Relatedly, the bank noted, following a period when pandemic-related supply side shocks triggered much higher than normal inflation, there is little consensus on whether inflation or deflation are going to be major driving forces over the medium- or longer-term.
The weekly commentary pointed that some analysts highlight that one of the key reasons inflation has re-emerged as a central economic concern lies in the unravelling of several structural forces that underpinned the “Great Moderation.”
During that time, a confluence of factors helped supress price pressures and stabilize macroeconomic volatility: deepening globalization fostered cheaper imports and offshoring; relative geopolitical stability ensured open trade routes and capital flows; supply chain integration enabled just-in-time production with minimal inventory costs; and the rise of rational, technocratic politicians and government officials who contributed to anchor economic expectations through credible policies and transparency, QNB said.
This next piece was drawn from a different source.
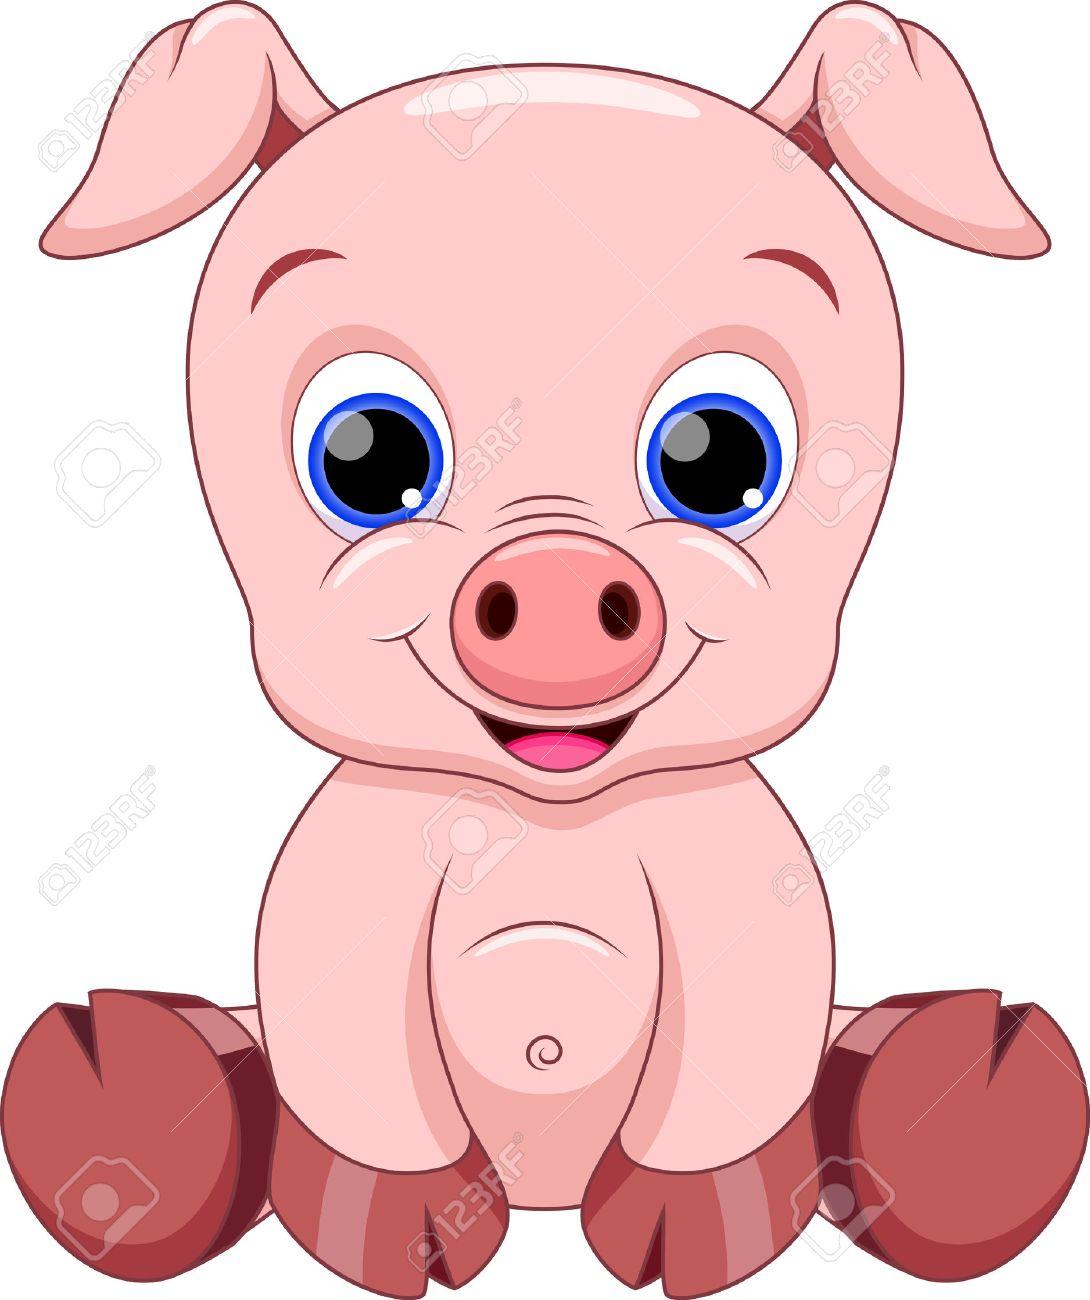 Cochon Dessin mignon dessin animé bébé cochon clip art libres de droits , vecteurs

The Covid pandemic exposed the fragility of over-optimized supply chains, prompting a shift toward reshoring and redundancy that carries higher cost structure, it added.
Combined with demographic pressures (less people working to sustain more people not working), green transition costs, and strategic competition over critical technologies, these reversals support the argument of some analysts about a more inflation-prone environment ahead, in which price stability can no longer be taken for granted, the bank added.
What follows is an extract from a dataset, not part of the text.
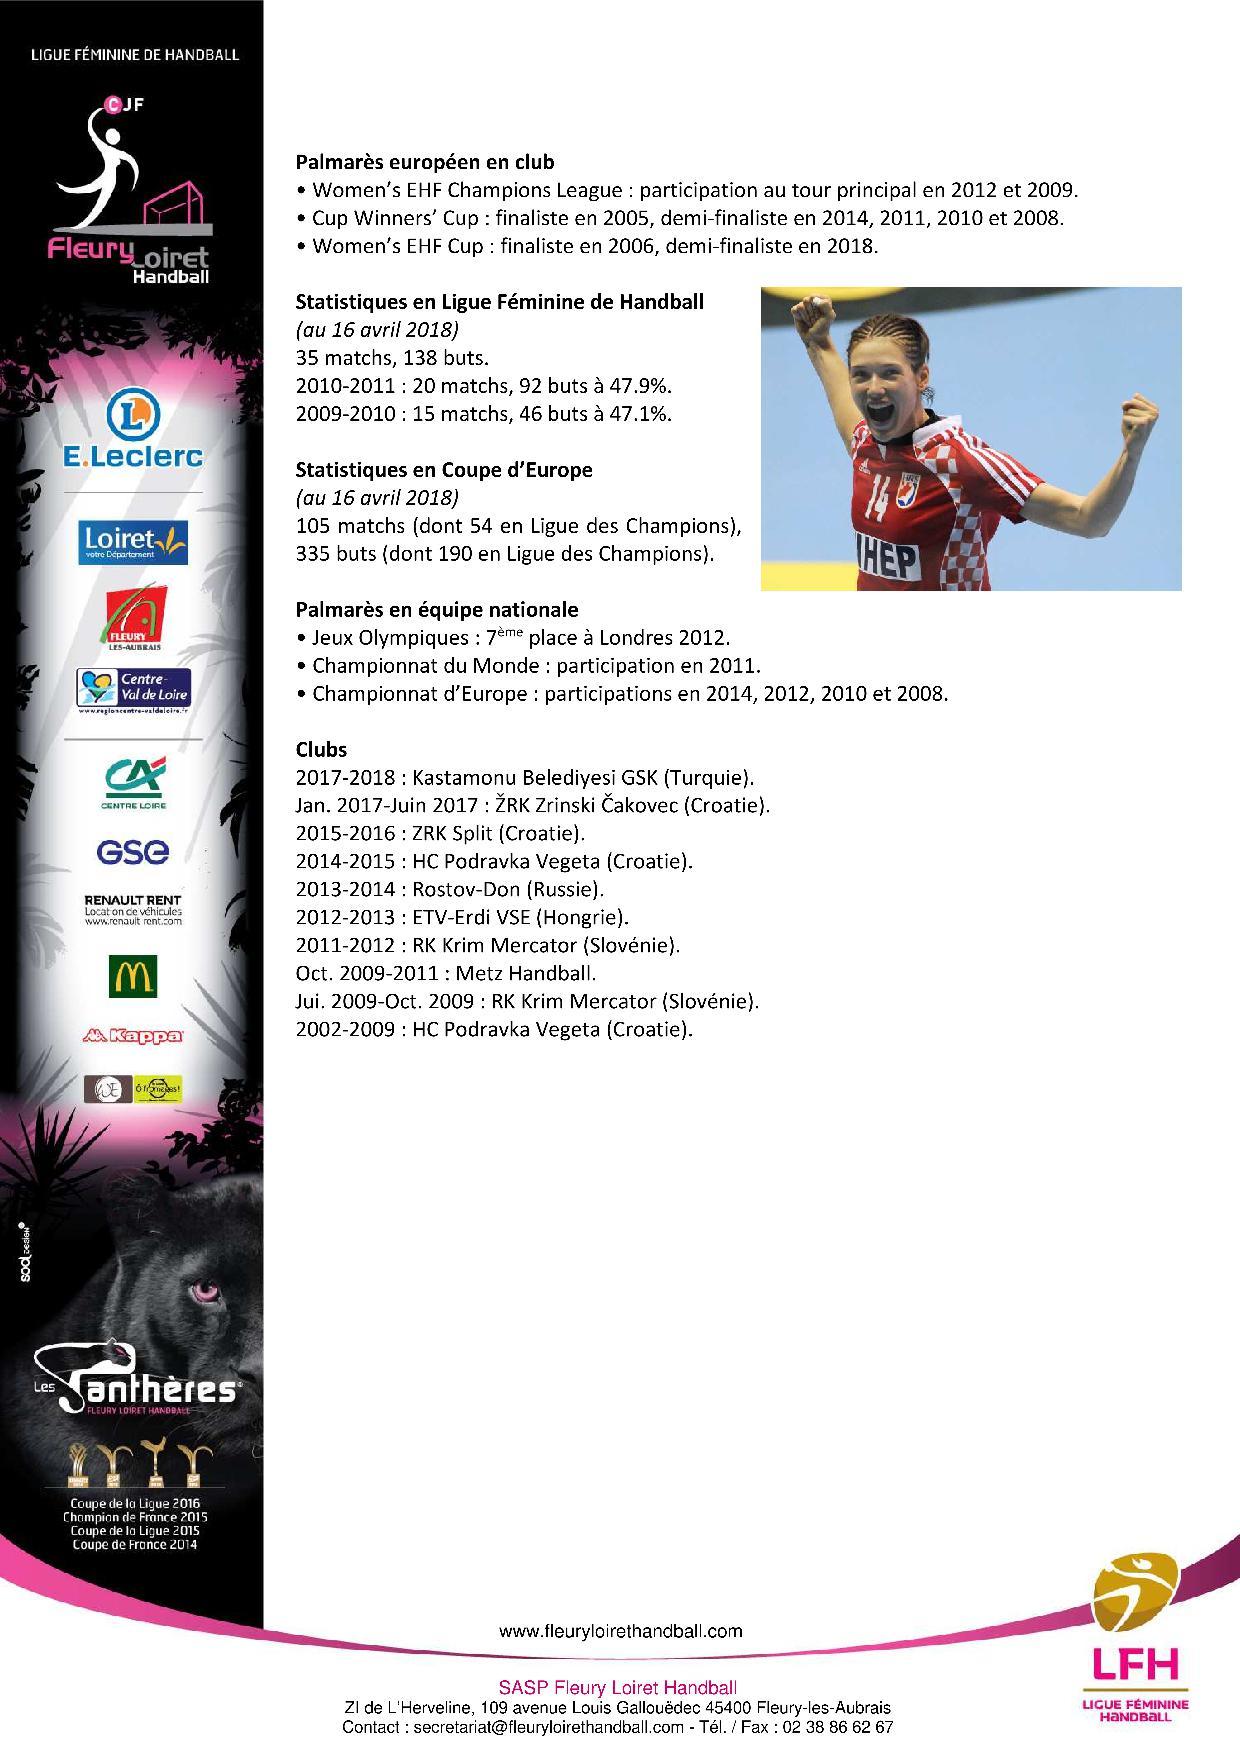 C_Users_Jose_AppData_Local_Temp_Communiqué Fleury Loiret Handball - Lundi 16 avril 20182.jpg

On the other hand, many analysts argue that it would be a mistake to assume that the post-Covid and Ukraine War era is uniformly inflationary. Powerful disinflationary forces are at play and accelerating, particularly those rooted in technological innovation.
QNB considered that some geopolitical developments commonly viewed as inflationary – such as trade fragmentation – may actually have deflationary consequences under certain conditions.